Loaded a chunk of 1000000 rows.
Loaded a chunk of 1000000 rows.
Loaded a chunk of 1000000 rows.
Loaded a chunk of 1000000 rows.
Loaded a chunk of 1000000 rows.
Loaded a chunk of 1000000 rows.
Loaded a chunk of 1000000 rows.
Loaded a chunk of 1000000 rows.
Loaded a chunk of 1000000 rows.
Loaded a chunk of 1000000 rows.
Loaded a chunk of 1000000 rows.
Loaded a chunk of 1000000 rows.
Loaded a chunk of 1000000 rows.
Loaded a chunk of 1000000 rows.
Loaded a chunk of 1000000 rows.
Loaded a chunk of 1000000 rows.
Loaded a chunk of 1000000 rows.


#### Test Connection

In [None]:
# Test connection
try:
    with engine.connect() as conn:
        print("Connection successful!")
except Exception as e:
    print(f"Connection failed: {e}")

# 2. **Exploratory Data Analysis:**  

- Air temperature
- Precipitation
- Groundwater level 

   - Visualizing historical trends in air temperature, precipitation, and groundwater levels.  
   - Identifying seasonal patterns and anomalies.

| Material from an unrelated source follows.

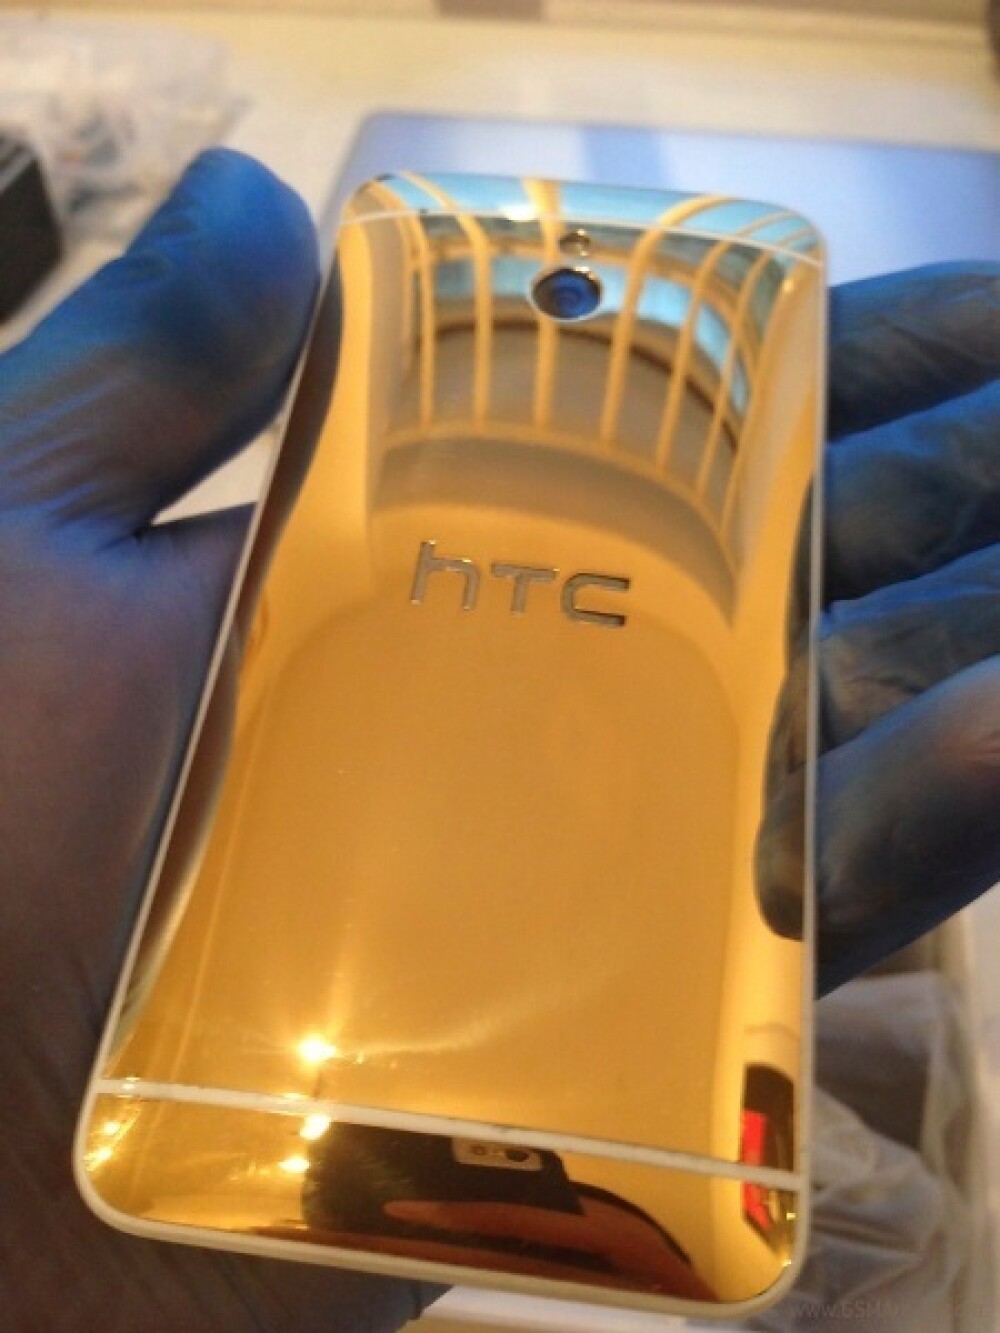 HTC One Mini Gold Edition. Cum arata telefonul de lux care costa 3000 de dolari - Imaginea 4
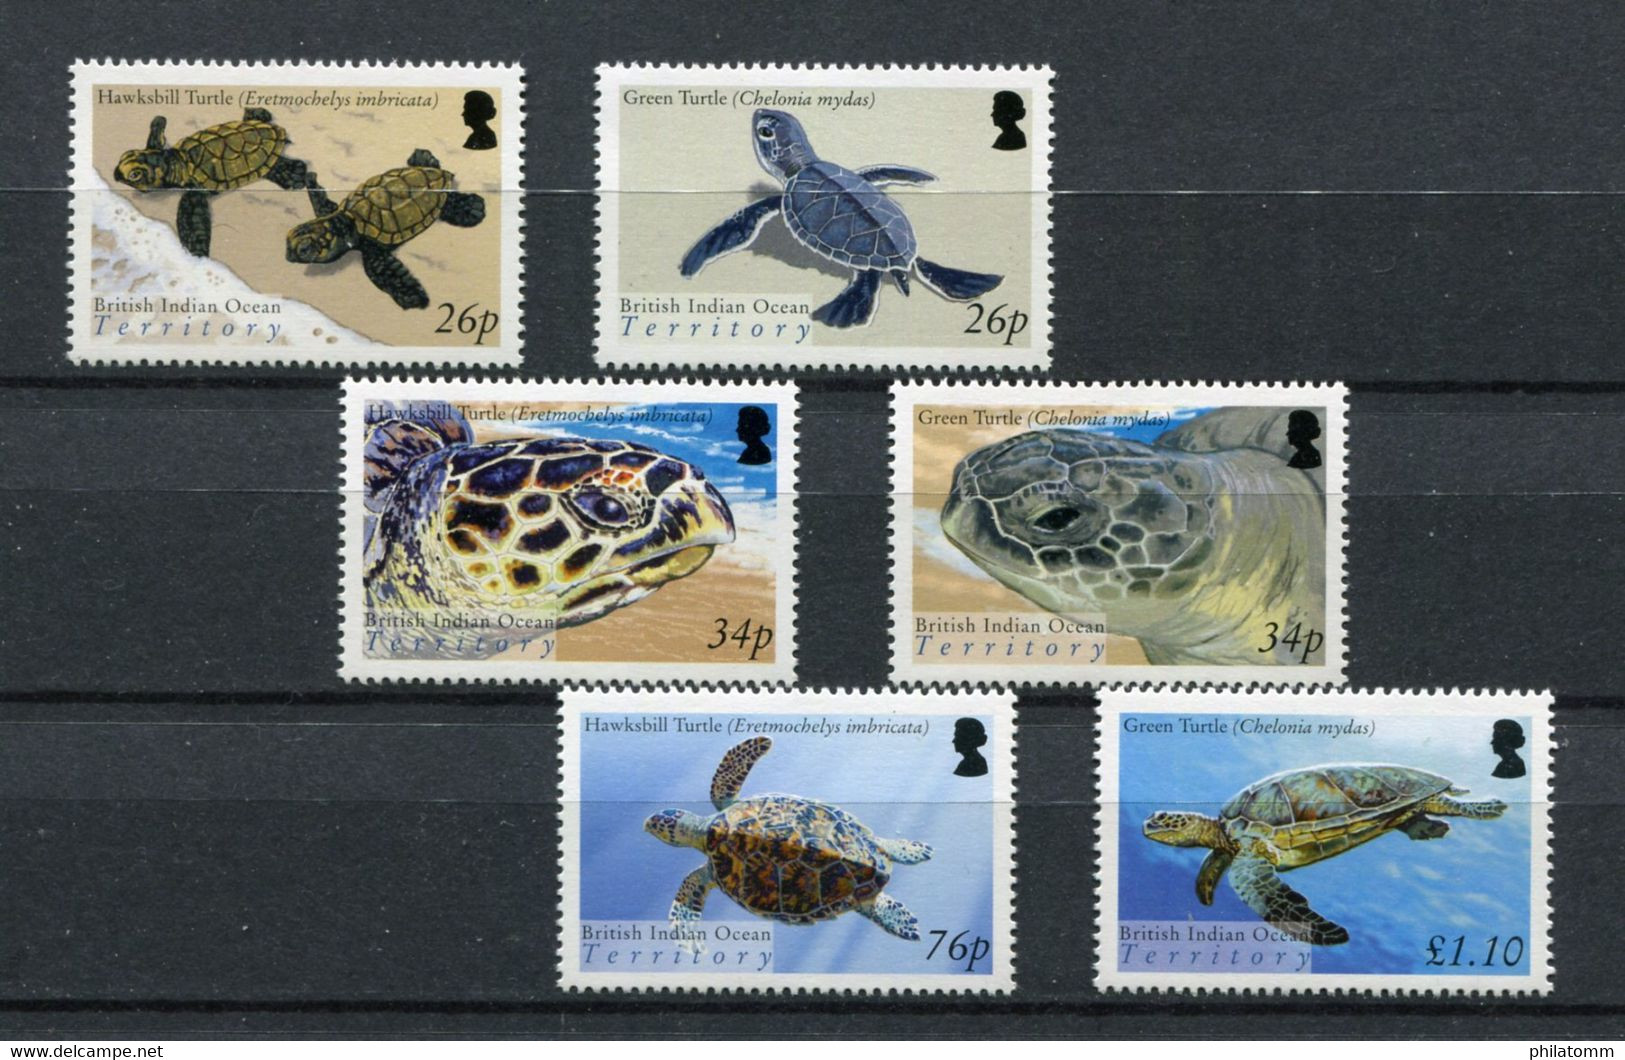 Britisches Territorium Im Indischen Ozean - Mi.Nr. 356 / 361 - "Meeresschildkröten" ** / MNH (aus Dem Jahr 2005) - British Indian Ocean Territory (BIOT)

# 3. **Statistical Analysis:** 


   - Applying statistical methods to investigate climate anomalies.  
   - Comparing long-term trends across the selected time periods.

# 4. **Results and Discussion:**  

   - Highlighting significant findings from the analysis.  
   - Discussing the implications of identified climate anomalies on the selected region.

# 5. **Conclusion:**  
   - Summarizing key insights and potential areas for further study.